At the end of the training, the box will print one or two confusion matrices, depending if cross-validation
was used: one matrix for the cross-validation, the other for the training data. Each matrix will contain true 
class as rows, and predicted class as columns. The diagonal describes the percentage of correct predictions per class. 
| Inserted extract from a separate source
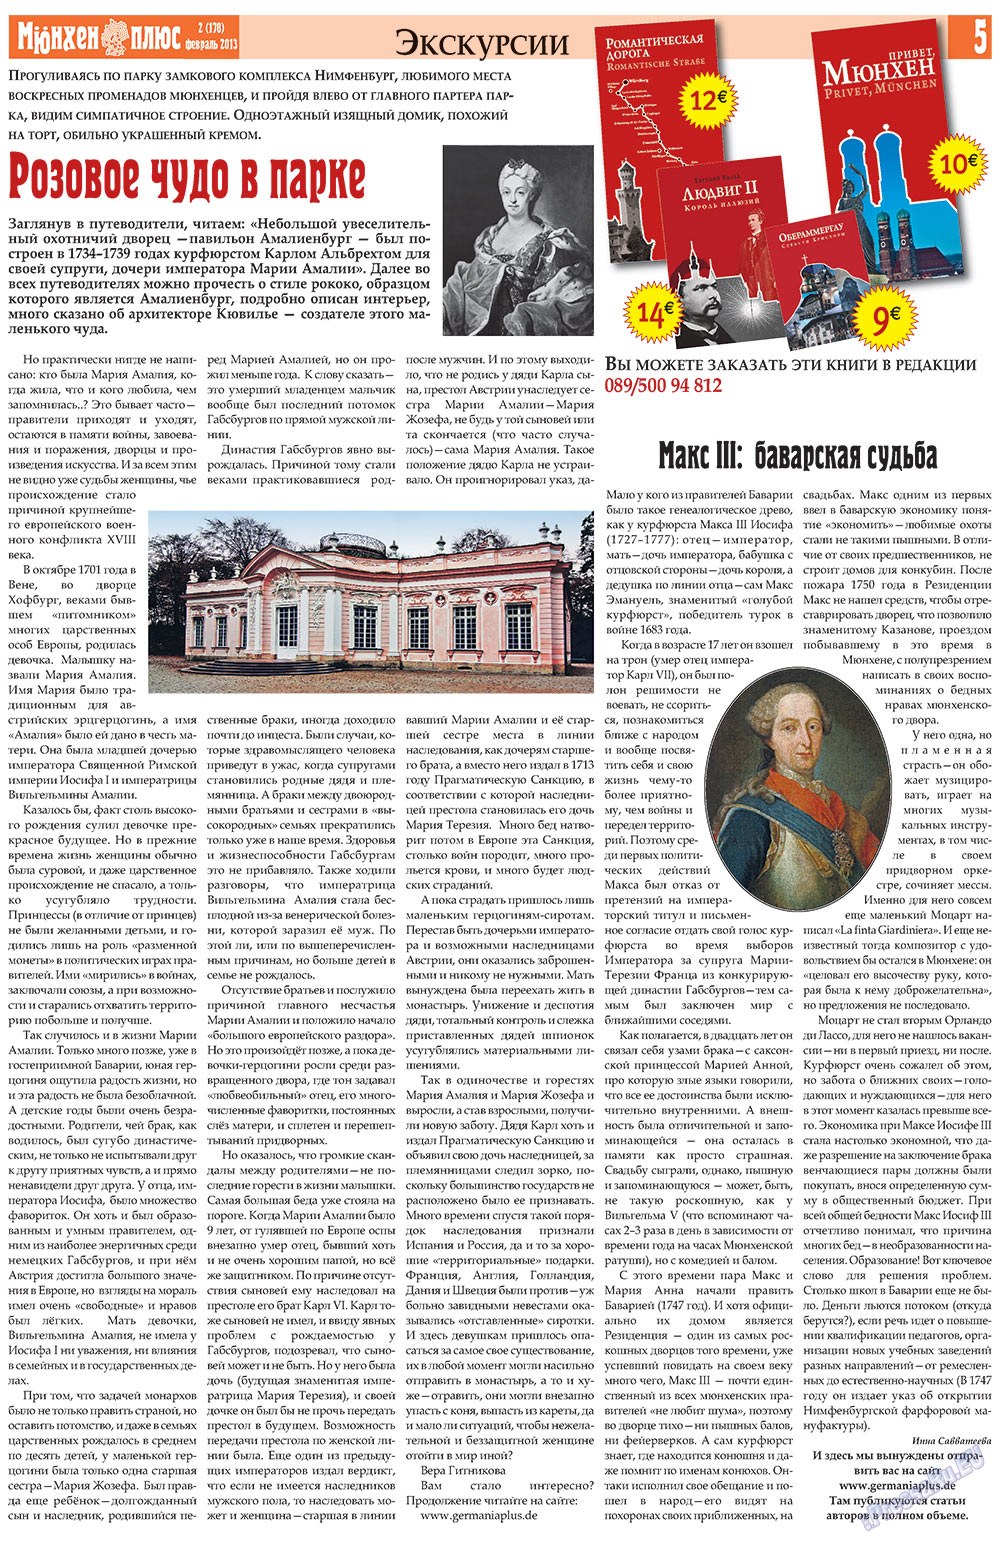 Германия плюс, газета. 2013 №2 стр.5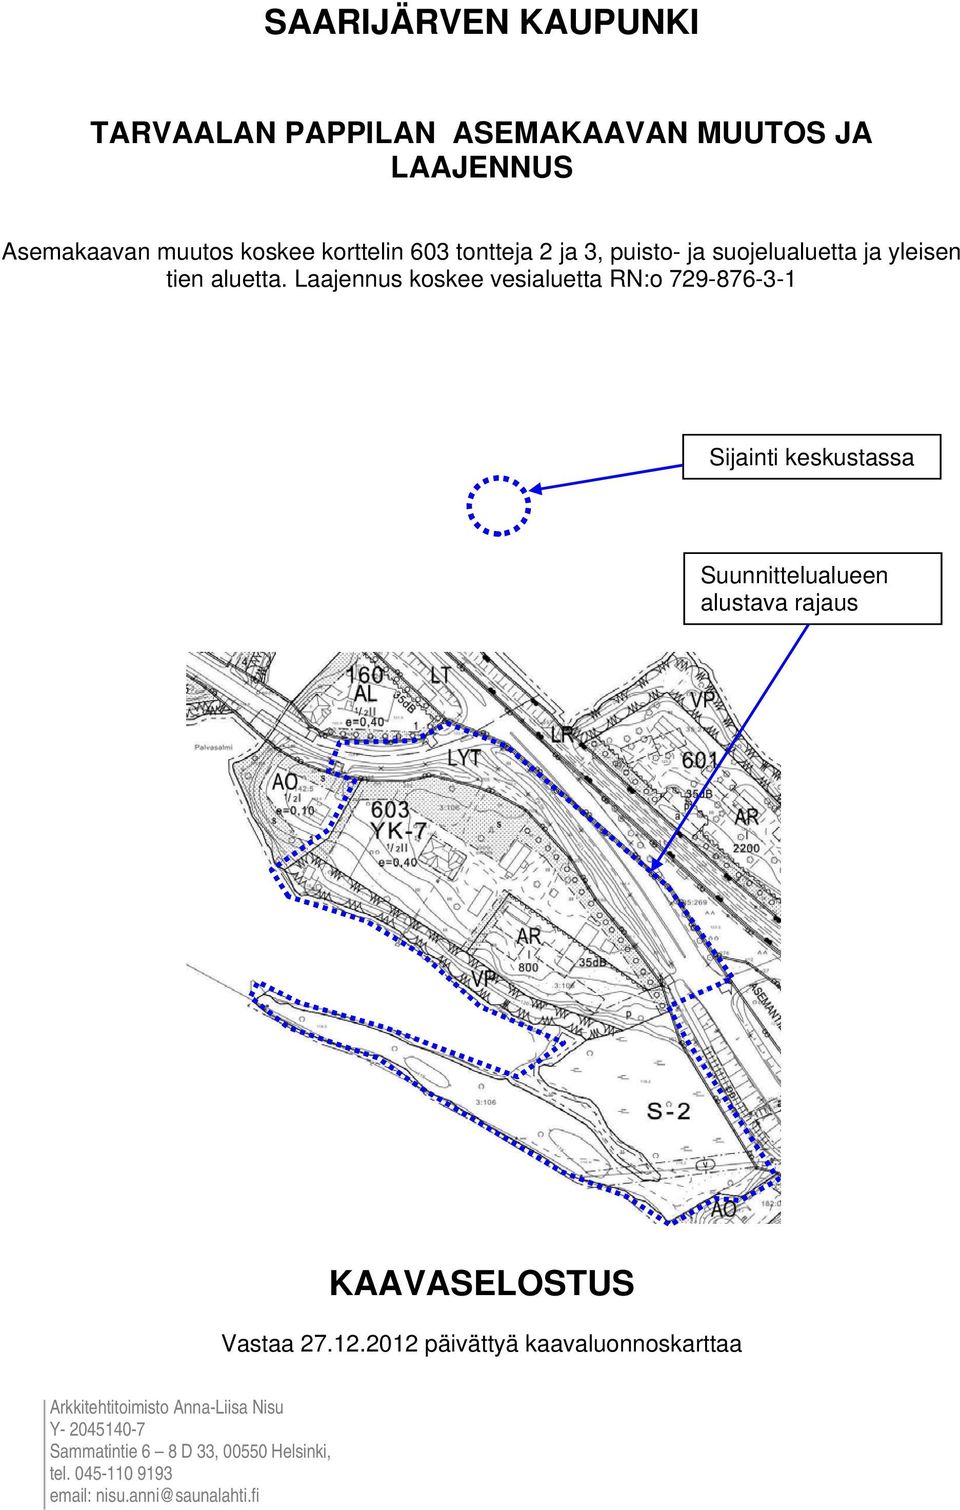 Laajennus koskee vesialuetta RN:o 729-876-3-1 Sijainti keskustassa Suunnittelualueen alustava rajaus Vastaa 27.

Although the matrix can be optimistic (see above section about the cross-validation), it may give useful 
diagnostic information. For example, if the accuracy is very skewed towards one class, this may indicate
a problem if the design is supposed to be balanced. The problem may originate e.g. from the original data 
source, the signal processing chains for the different classes, or the classifier learning algorithm. These need
then to be investigated. Also, if very low accuracies are observed in these matrices, it may give reason 
to suspect that prediction accuracies on fresh data might be likewise lacking -- or worse.

\par Incremental Learning

The box can also be used for simple incremental (online) learning. To achieve this, simply send the box the training
stimulation and it will train a classifier with all the data it has received so far. You can give it more
feature vectors later, and trigger the learning again by sending another stimulation. Likewise, the corresponding 
classifier processor box can be made to load new classifiers during playback. With classifiers like LDA, 
this practice is usually feasible when the data is reasonably sized (as in basic motor imagery).